#### Recorded data

-------------------------

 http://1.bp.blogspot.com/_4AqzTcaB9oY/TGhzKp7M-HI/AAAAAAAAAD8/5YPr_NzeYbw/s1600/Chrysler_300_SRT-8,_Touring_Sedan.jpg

-------------------------

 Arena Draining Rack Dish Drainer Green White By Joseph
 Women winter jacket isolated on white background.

-------------------------

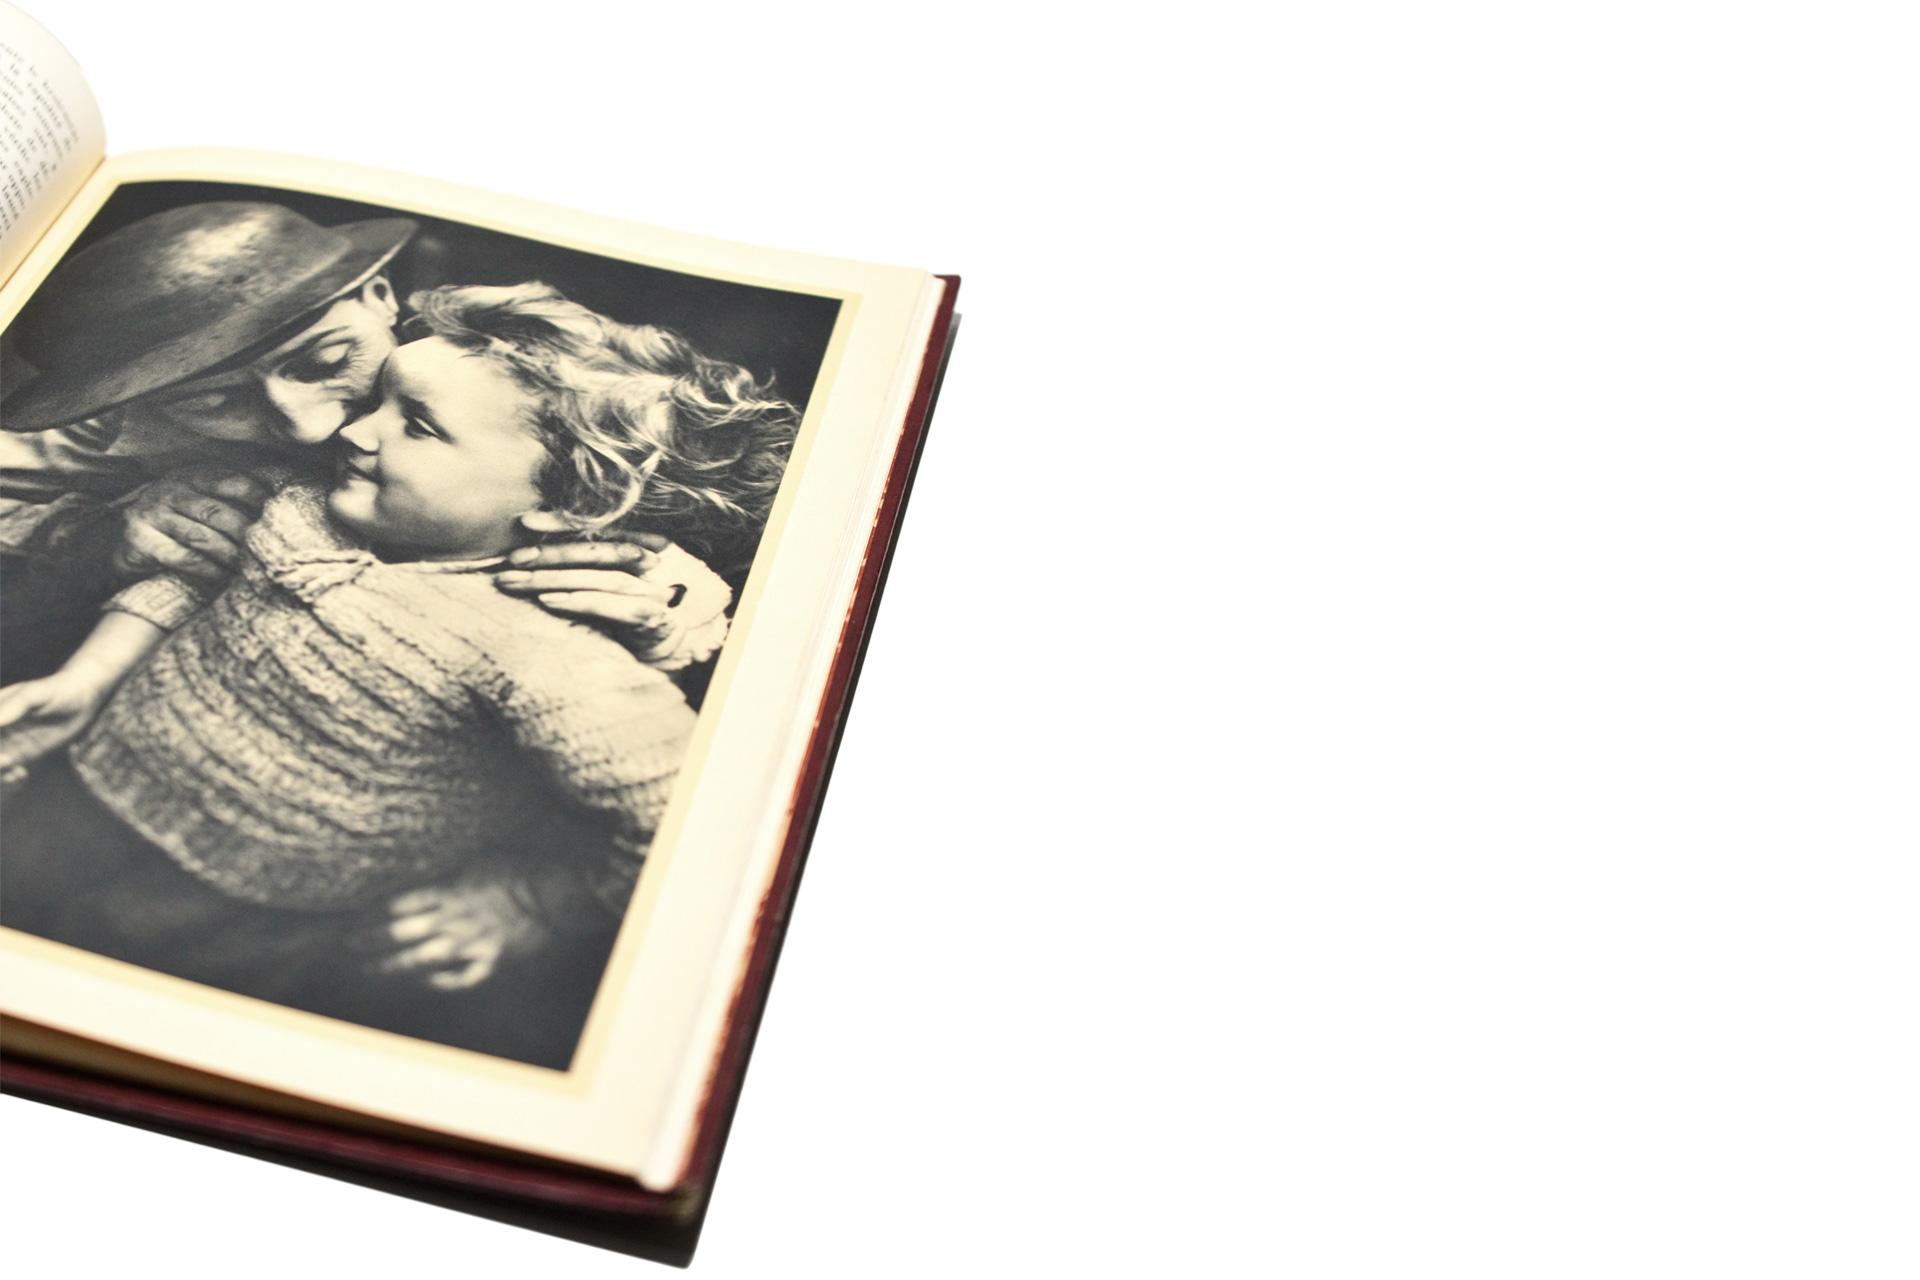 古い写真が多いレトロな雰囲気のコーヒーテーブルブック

-------------------------

#### Problem
Of the entries above, repeat exactly the lines between the line with "Arena Draining Rack" and the line with "Women winter jacket", inclusive, and no others.

#### Worked solution
 Arena Draining Rack Dish Drainer Green White By Joseph
 Women winter jacket isolated on white background.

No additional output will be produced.